Economy takes it on the chin as markets, loonie, oil price plunge
By The Canadian Press
Published: November 20, 2008 8:02 PM
TORONTO — Falling oil prices, a plunging dollar, predictions of a big deficit next year and fears of a Big Three bankruptcy: a relentless barrage of negative news pounded stock markets Thursday, worsening a profound economic pessimism that has taken hold as the recession spreads around the world.
The Toronto stock market lost about nine per cent of its value and fell to its lowest level in five years as panicked investors who fear a deepening recession dumped stocks like Canada’s big banks, metals companies and energy producers.
On Wall Street, all the major markets fell by more than five per cent.
The loonie, meanwhile, fell more than 2.5 cents to close at 77.31 cents US, its lowest level in more than four years.
Stocks on Wall Street and Bay Street saw the most intense selling late in the trading day after hopes faded that U.S. legislators would quickly put together a multibillion-dollar aid package for U.S. automakers General Motors, Ford and Chrysler.
That raised the spectre of possible bankruptcy filings by the so-called Detroit Three carmakers that could devastate industrial communities in Canada and the United States and worsen the economic meltdown spreading across the world.
“Unrelenting gloom has taken over the markets,” said Dana Johnson, chief economist at Comerica Inc., a big U.S. Midwest bank.
“The economic news, the concerns about some major financial institutions, the concerns about the auto sector, earnings reports — everything is coming out in a way that is just provoking a massive selling.”
The speed at which economic fundamentals have changed is dizzying.
About four months ago, the economy looked bright, oil prices hit a record US$147 a barrel and commodities prices were high from solid demand for metals, coal, grains and other commodities.
But the Wall Street financial crisis, the collapsing U.S. housing sector and the drying up of global credit has changed all that.
On Thursday, crude oil hit a level not seen in more than three years, falling to US$48.50 a barrel on the New York Mercantile Exchange. Metals prices have also dropped sharply, leading many Canadian miners to cut jobs and shut down mines.
While lower oil prices mean good news for drivers desperate for relief from what was the sky-high cost of gasoline, it’s a bad omen for the energy-rich Western Canadian economy.
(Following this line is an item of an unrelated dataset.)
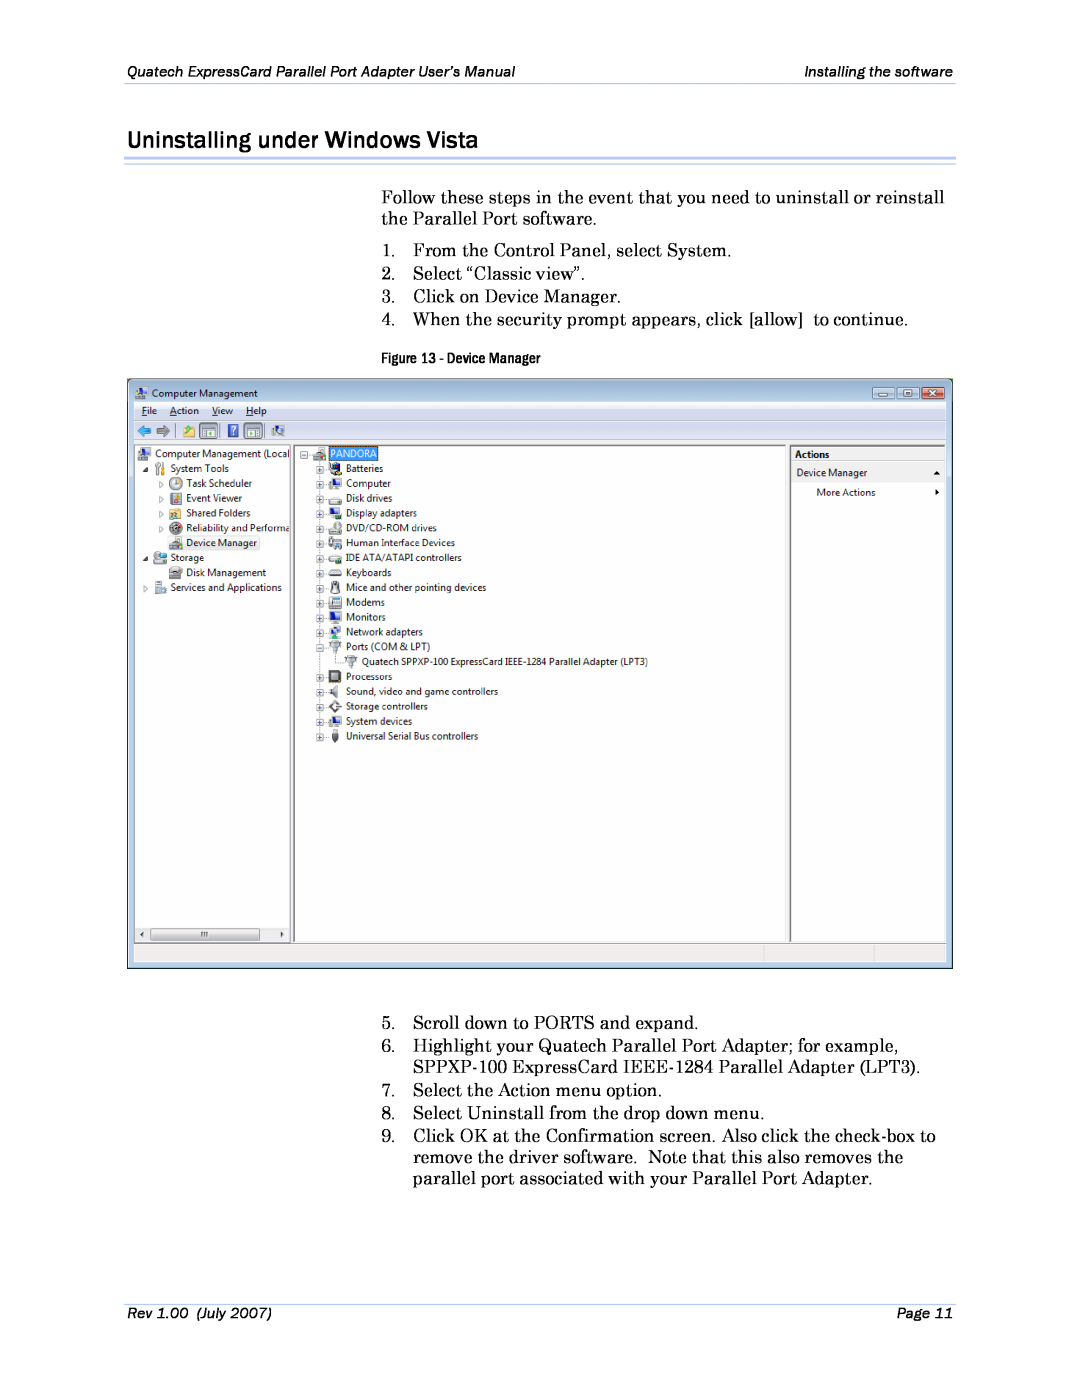 Quatech SPPXP-100 user manual Uninstalling under Windows Vista, Device Manager

Job creation in Alberta, B.C. and Saskatchewan propped up Canadian economic growth in recent years as the manufacturing heartland in Ontario and Quebec shed hundreds of thousands of jobs.
Now, Alberta appears headed for a dramatic slowdown as the province’s oil and gas companies ratchet down exploration, drilling and expansion because of lower oil prices.
In other economic news Thursday:
— Parliament’s budgetary officer, Kevin Page, predicted the federal government would record the first deficit in more than a decade with a $3.9-billion shortfall in the 2009-10 fiscal year. Under a worst-case scenario that economists say is not so far-fetched, the federal deficit could hit $13.8 billion next year and $50.6 billion over the next four years.
— The U.S. Congress prepared to adjourn with no agreement on helping the battered auto industry. Democratic leaders said they could return to Washington in mid-December to vote on rescue loans if the GM, Ford and Chrysler first present a plan on transforming and modernizing their operations.
— Financial stocks on the TSX plunged 12.2 per cent after TD Bank (TSX:TD) disclosed $350 million in quarterly credit trading losses.
— Metal stocks slid 12.1 per cent as copper, zinc and coal giant Teck Cominco Ltd. (TSX:TCK.B) plunged 21 per cent after it suspended dividends on its common shares to help cut its massive debt.
— The U.S. Labour Department reported a jump in weekly U.S. unemployment claims at a 16-year high, the latest sign of rapidly escalating unemployment in the United States.